Any help for the coho can’t come too soon.

Coho salmon were once abundant in the tributaries along the central California coast, from Aptos Creek near Santa Cruz in the south, to Punta Gorda above Fort Bragg in the north. Historical records estimate populations were as high as 125,000 as late as the 1940s.Ê

But as human population and development increased along the desirable coastal areas, coho numbers plummeted to fewer than 6,000. That the species is in trouble is not a surprise. The federal government listed the species as threatened in October 1996 and in June 2005 it was re-listed as endangered.
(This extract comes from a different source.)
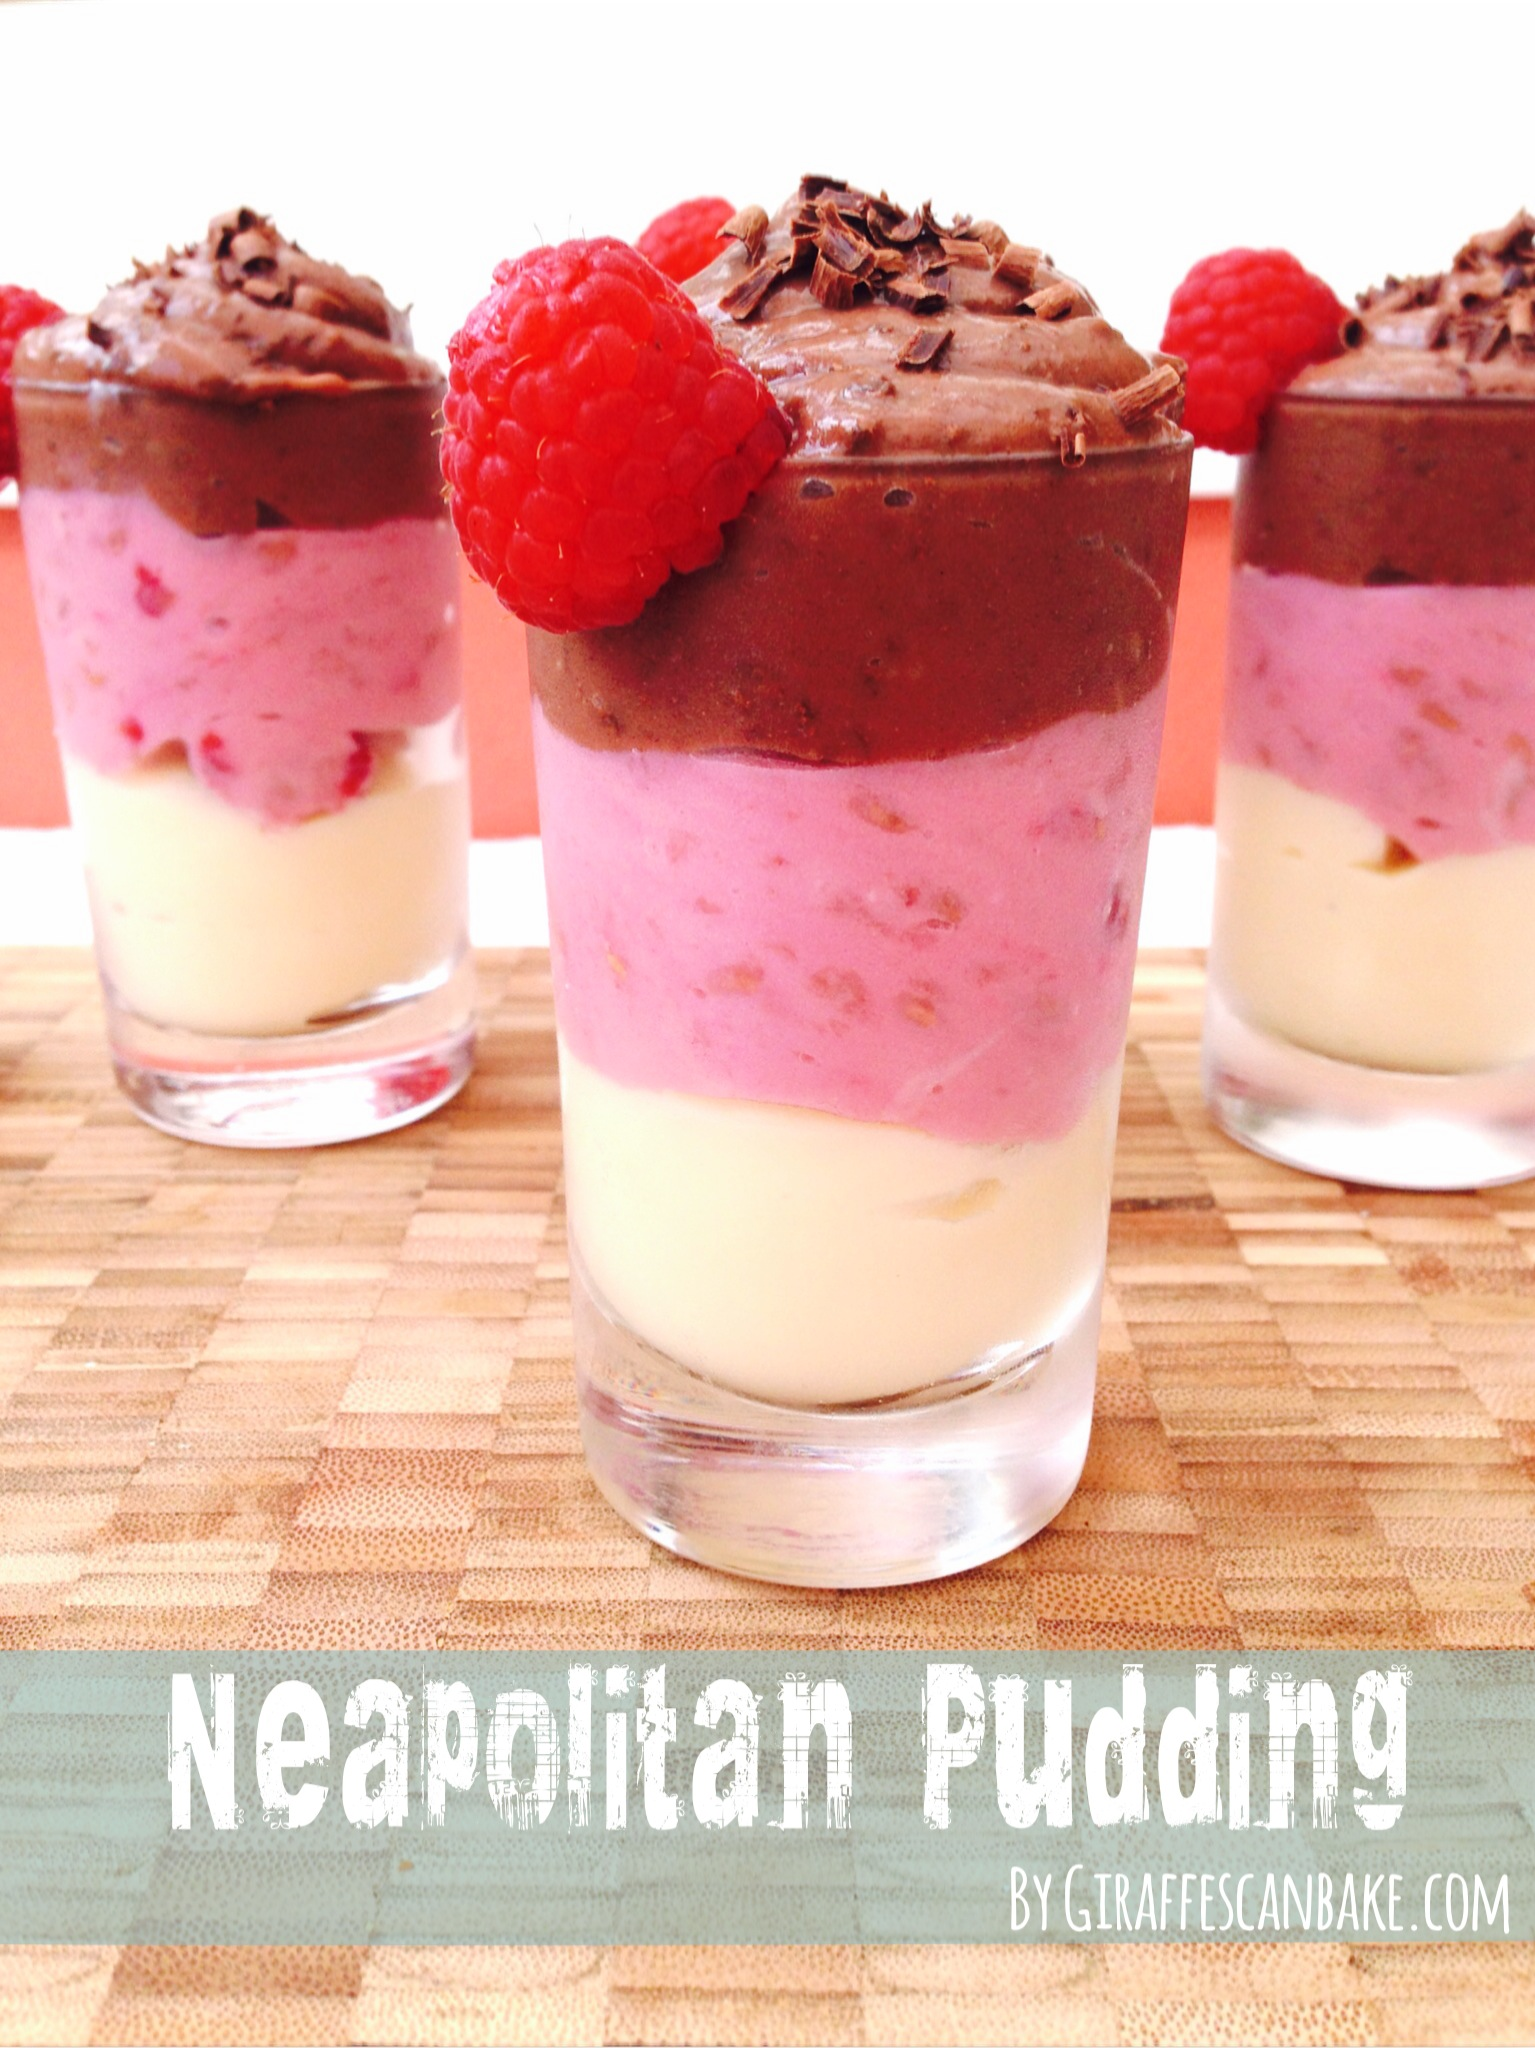 Neapolitan Pudding

Marin’s coho population is on the verge of collapse. For the third straight year the number of coho egg nests – which spawn the next generation of fish – were down significantly.

Marin’s Lagunitas watershed has one of the largest remaining populations of wild coho salmon in Northern California, but the fish virtually vanished last year. While this winter the migration from the ocean was slightly larger, it was still well below average.

Only 67 coho salmon were seen this winter in the Lagunitas Creek watershed; by comparison, the best year of the decade was the winter of 2004, when 1,342 fish were counted.

To protect fish, the county imposed a two-year moratorium on construction near creeks in the San Geronimo Valley that ended Feb. 11. Applauded by some, the moratorium raised concern from some residents who worry about proposed development guidelines in the area.

The new federal report shows the San Geronimo Valley as a critical area for the fish.

“It highlights how important this area is and how we need to take very urgent steps to protect this habitat,” said Paola Bouley, conservation director at the Forest Knolls-based SPAWN. “Now the federal government is saying it. It’s based on science.”